Pulling out all the stops, Sanral insisted that the project had progressed too far to suddenly be stopped and if it were, the country would suffer severe financial harm, including the R20bn ($2.5bn) installation costs that would have to be repaid to lenders regardless of whether or not the GFIP proceeds. The debt was underwritten by the South African government. The Treasury appeared as a Sanral witness to impress upon the court the damage that halting the project would cause to the fiscus in having to repay the debt without toll income and the harm that would accrue to South Africa’s reputation in capital markets.
But not all economists were convinced. A fair proportion have dismissed claims of the dire consequence to national finances and the trashing of South Africa’s global credit rating if the e-toll programme did not go ahead.
Economist at Johannesburg’s Investment Solutions, Chris Hart, says there is “a weakness in expenditure the government is not telling us about” if the interdict destabilises expenditure to any great extent. He describes the delay as “no big deal” and estimates the government would have to pay less than R2bn ($285m) a year to service the GFIP incurred debt.
Efficient Group economist Dawie Roodt says the government’s chaotic efforts to introduce e-tolling, and the High Court’s order to halt the project, have cast a shadow over the state’s multibillion-rand infrastructure plans, with questions raised about its ability or willingness to guarantee debt.
“South Africa’s leadership also appears weak and confused, which could damage the country’s image as an investment destination,” he maintains.
Standard Bank’s chief economist Goolam Ballim says contractual infringement does not imply sovereign default risk and won’t affect South Africa’s international credit standing. “It’s a government-guaranteed debt,” he says, “and if Sanral can’t pay it, the government will. Hart also notes that March’s hike of 10 cents a litre in the government levy on price of petrol will give the government enough leeway to service the debt.
Peter Attard Montalto, emerging market economist, warns that the inability to raise tolls carries serious fiscal risk, sets a dangerous precedent and could have negative implications for the government’s infrastructure programme.
Dramatic as events were in the upending of the e-toll road project, local financial markets were left largely untouched because, proposes Investec economist Tertia Jacobs, “the markets had expected nothing less than a fiasco”. She points out that the e-toll controversy has been simmering for months and the markets are waiting to see how the government and Sanral will overcome the impasse.
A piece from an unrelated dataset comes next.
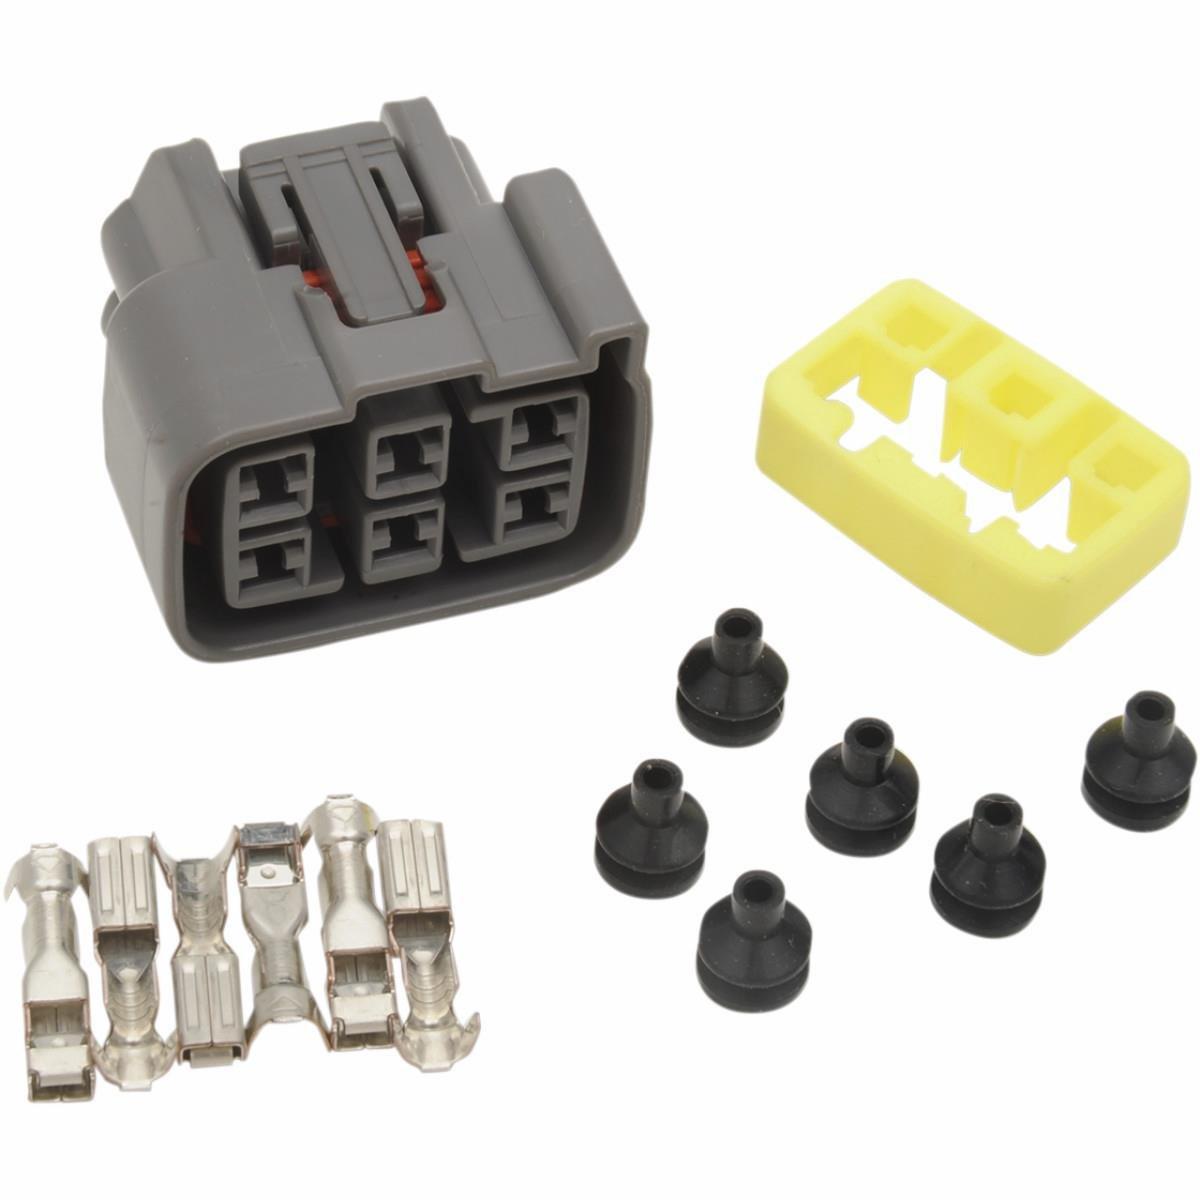 Ricks Motorsport Electric Rectifier//Regulator Wiring Harness Connector 11-114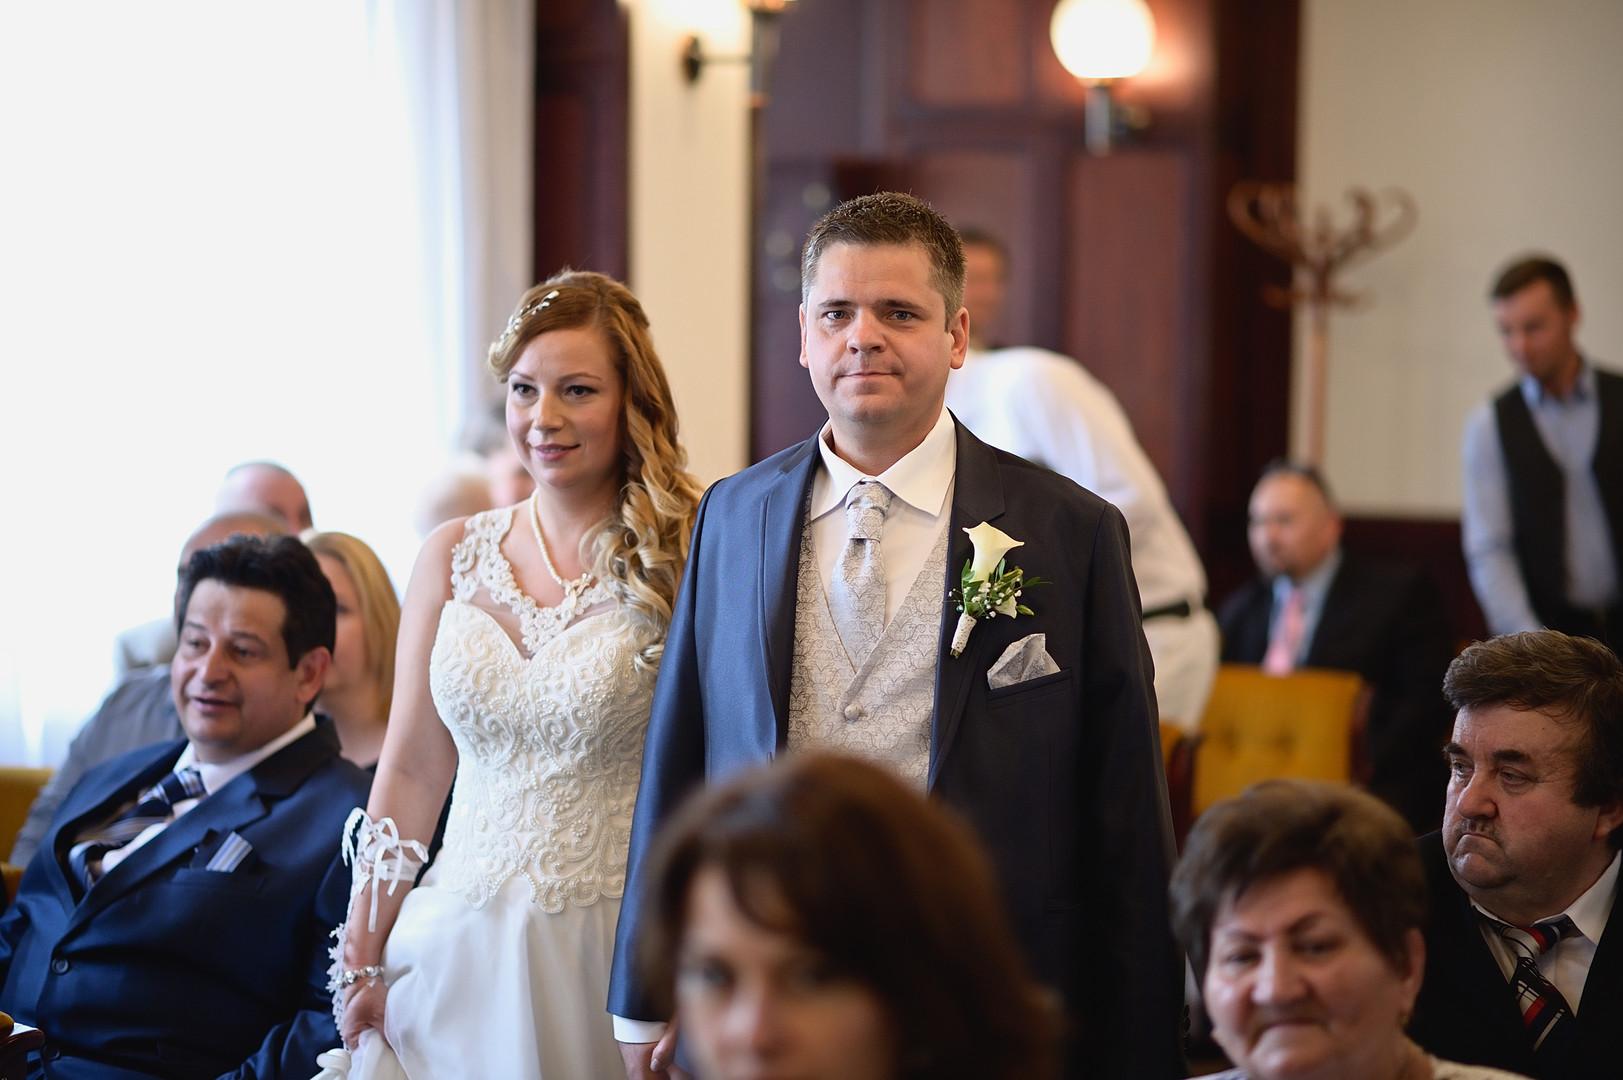 033 Esküvői fotózás - Enikő és Peti.jpg

Factors that weighed heavily on the legal proceedings were the steep toll cost, a serious lack of public transport, the knock-on effect toll costs would have on inflation and how the poor would suffer as would, by association, the informal economy.
In the final analysis, the interdict means the implementation of e-tolling will be delayed for a period of months or even years depending on how long a review of the process by Outa will take. Essentially, the interdict will be in place until all litigation pertaining to the review process is concluded which, in the opinion of one senior council, could be more than a year.
Ordinary South Africans insist they will not be able to afford to pay for tolls and have no alternative.